I know I’m probably missing things, its been a long time since I posted.

Thats it for now, Thanks for reading.
FireZen

AD….Again

No Fancy Pictures this time.

So something I wanted to try for a long while, and I think I even tried last year during/after the Linux AD Lab was setting up a Windows NPS server to run as a Radius front-end to AD and get one of my Access points to auth to that as opposed to FreeRadius which I have been using for years.

Now there is nothing wrong with FreeRadius, I started with it back in my Pi2 testing days, and ran it off one of them for years until I migrated my main router to PF then OPNsense where it had the ability without a second device along with a nice gui, self contained Letsencrypt for certs..

I digress.

After figuring out NPS I got radtest authenticating to it from my Linux pc, Neat but not secure, FreeRadius was atleast using certs and such.

Certs… Wasnt there an AD component for Certs?

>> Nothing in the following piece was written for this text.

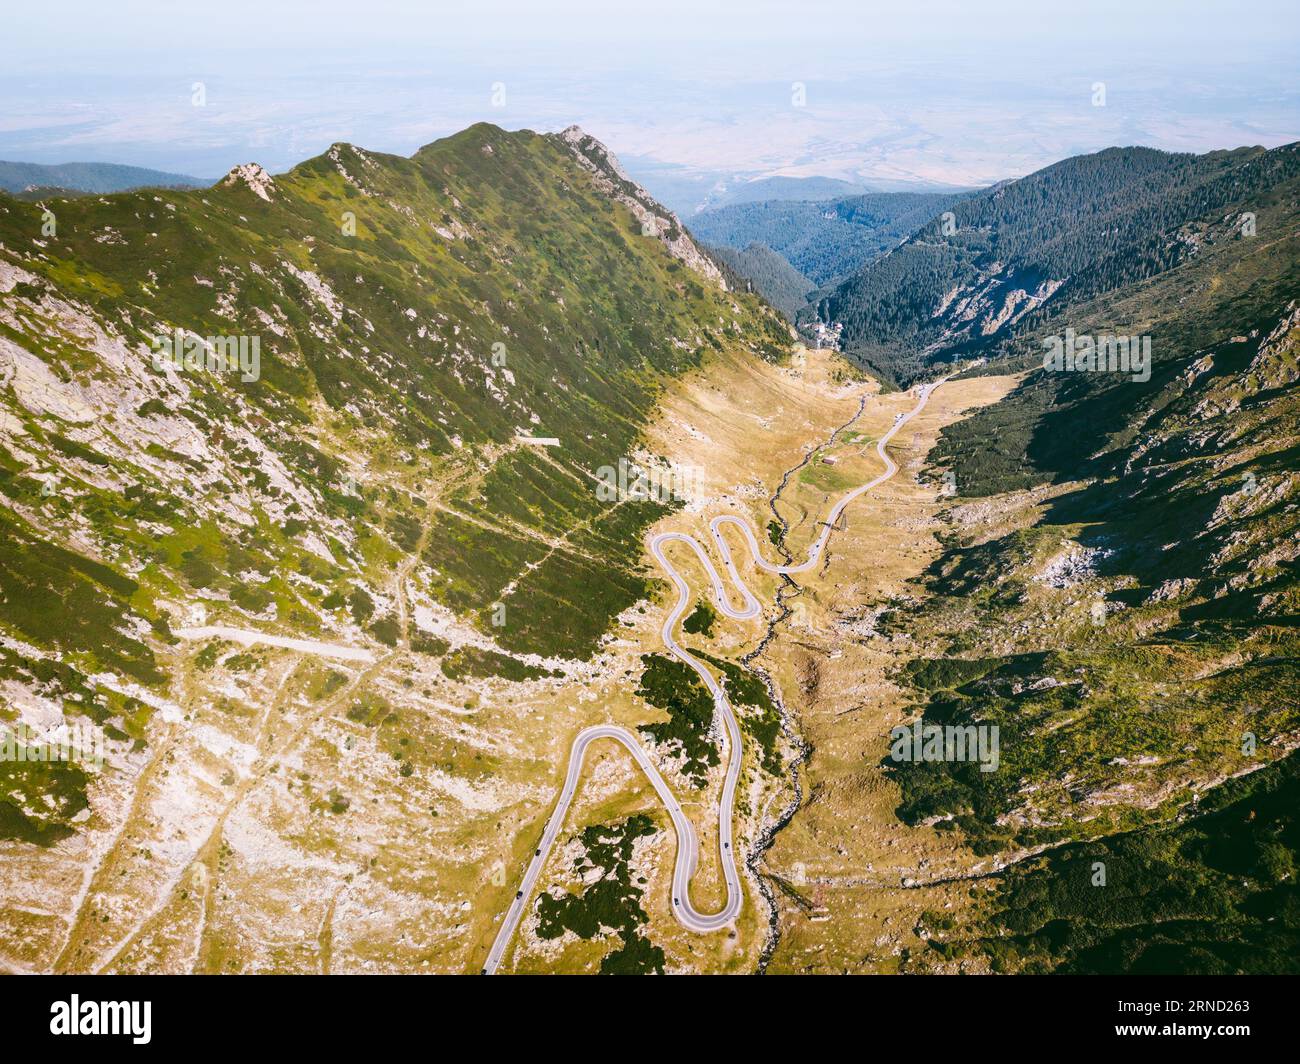 Transfagarasan, Rumänien. Transfagarasan überquert die Karpaten und ist eine der spektakulärsten verwinkelten Bergstraßen der Welt. Stockfoto

Yup installed AD CA, generated up a cert for the computer and it was now able to authenticate via eapol_test.

Could I take this a step further though? currently it verified the server and used AD User name and Password for Authentication…

User certs! Yeah… In its current configuration I am setup for Cert/Smartcard login with user certs. No password. Neat and something I have never seen Freeradius do.

Next steps, I have multiple networks I want to provide separate logins for and I can see how to do this in NPS, something I dont see in Freeradius, atleast the one in Opnsense. so I will slowly migrate them over.

I think my only complaint is that either NPS or AD CA required the gui version of Windows server, I would have much preferred it to run from server core.

Another from the It Bucket list

Most may have Guessed I am not a Windows Guy, I prefer Linux, Mainly Debian for Servers and Arch for my Desktop and Laptops.

I do dabble to keep my window skills sharp enough to be dangerous, From spinning up a new Active Directory Server every major Windows Server Revision, Installing and getting a fully functioning Exchange environment last fall and a Windows Distribution Server (PXE boot Windows installs over the network) Most of these don’t last longer then there intended projects and all being virtual I keep them around and updated for around 6 months to a year before killing them and starting over.

One thing I haven’t been able to do over the years was tie a Linux box to MS AD for authentication, I have tried for years (read once, for maybe a a max of a week per year for years) and could just never get it to work.

Cant say that anymore:

I got the Server tied to AD, a test user created:

Initial Login was successful with the only quirk being the home folder being broken.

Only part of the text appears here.